## Data extract
________

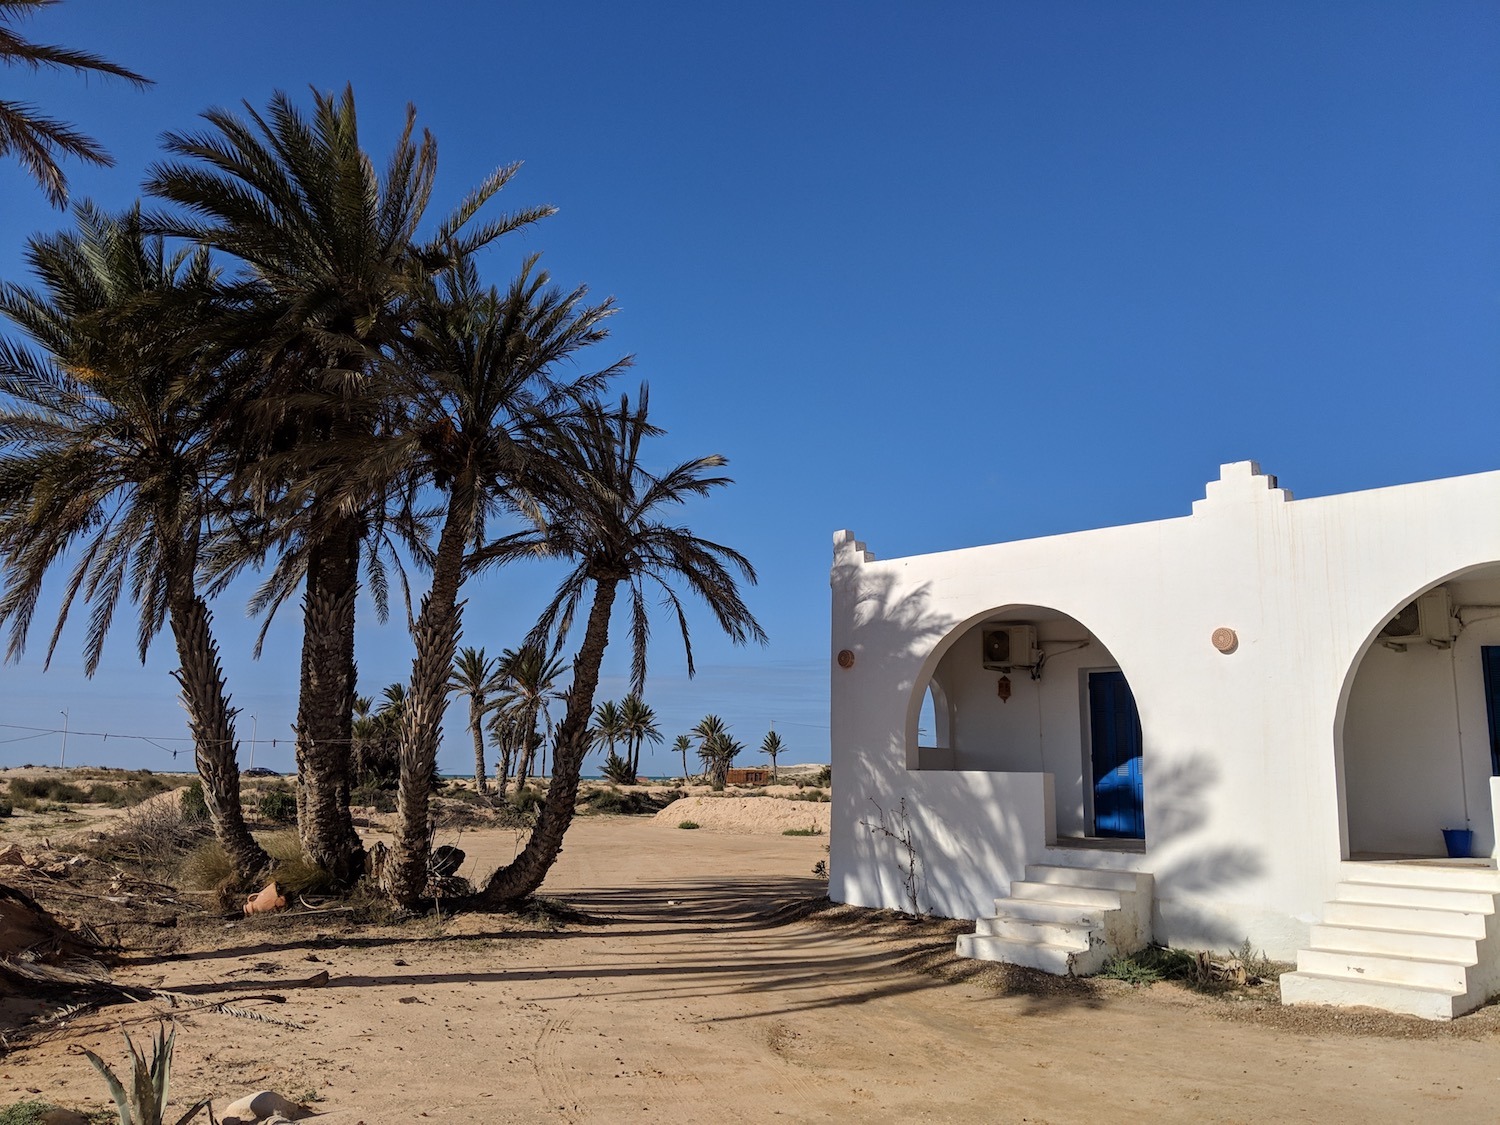 Dar Chick Yahia: A sustainable B&B on the Tunisian island of Djerba
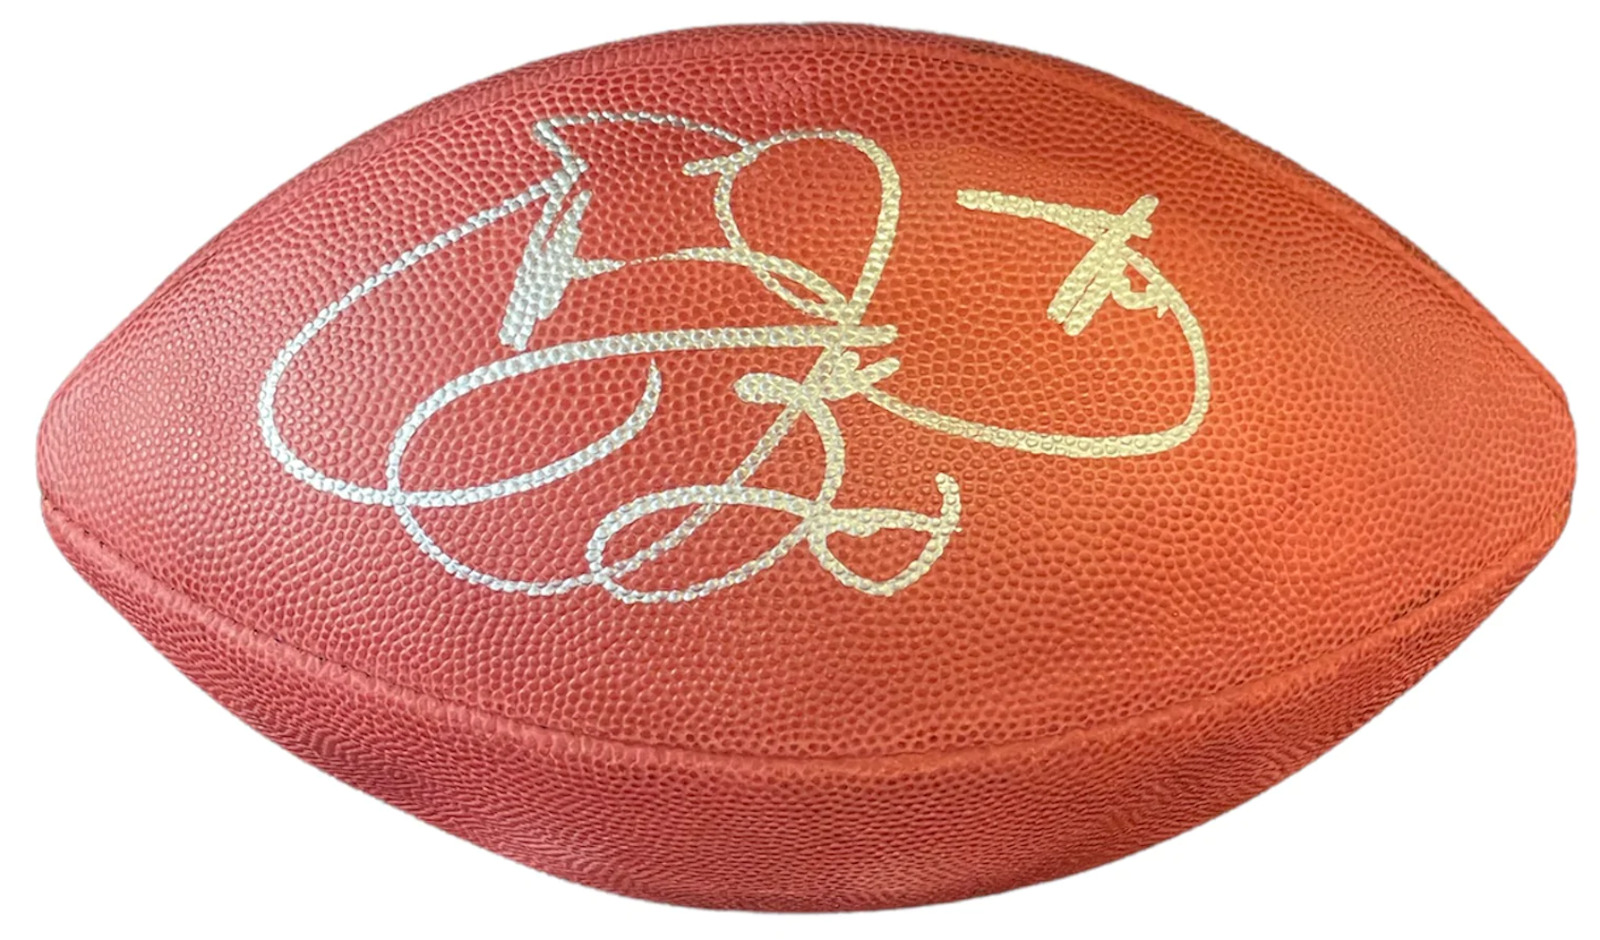 Emmitt Smith Autographed Official NFL Football (JSA)
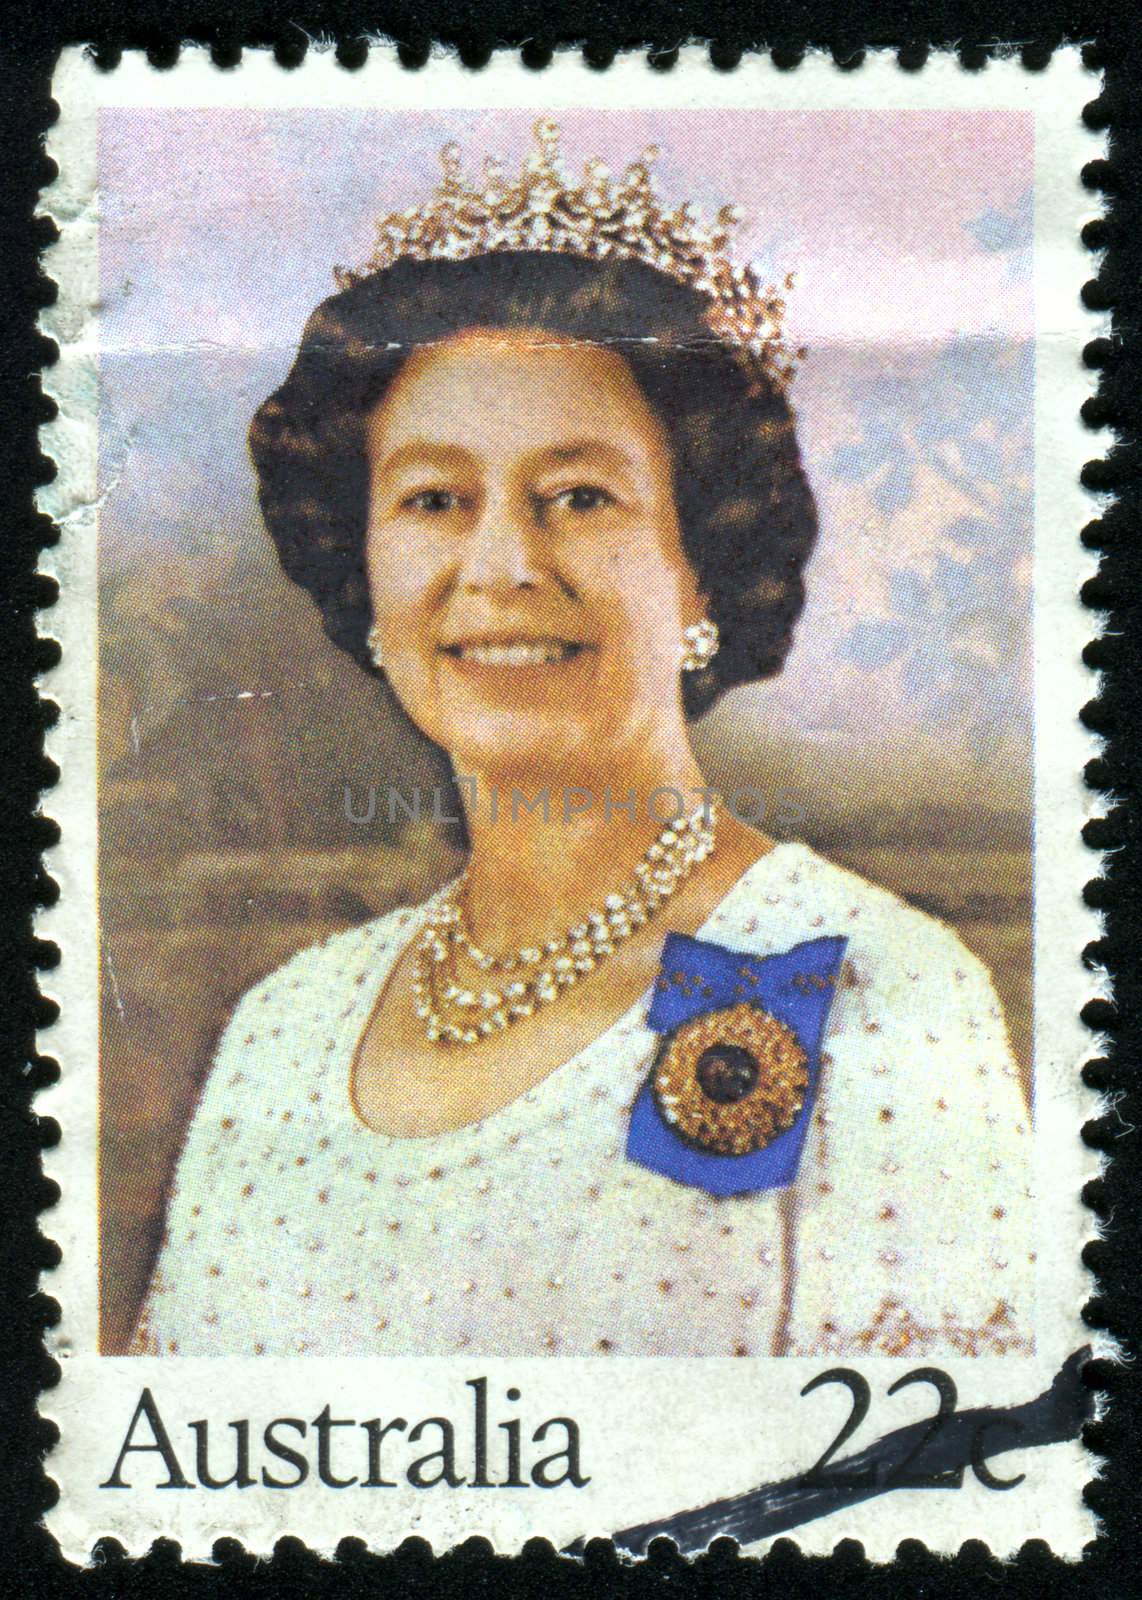 AUSTRALIA - CIRCA 1980: stamp printed by Australia, shows Queen Elizabeth II, circa 1980

________

Make an exact copy of the listing above. Its pictures are not needed.

 Dar Chick Yahia: A sustainable B&B on the Tunisian island of Djerba
 Emmitt Smith Autographed Official NFL Football (JSA)
 AUSTRALIA - CIRCA 1980: stamp printed by Australia, shows Queen Elizabeth II, circa 1980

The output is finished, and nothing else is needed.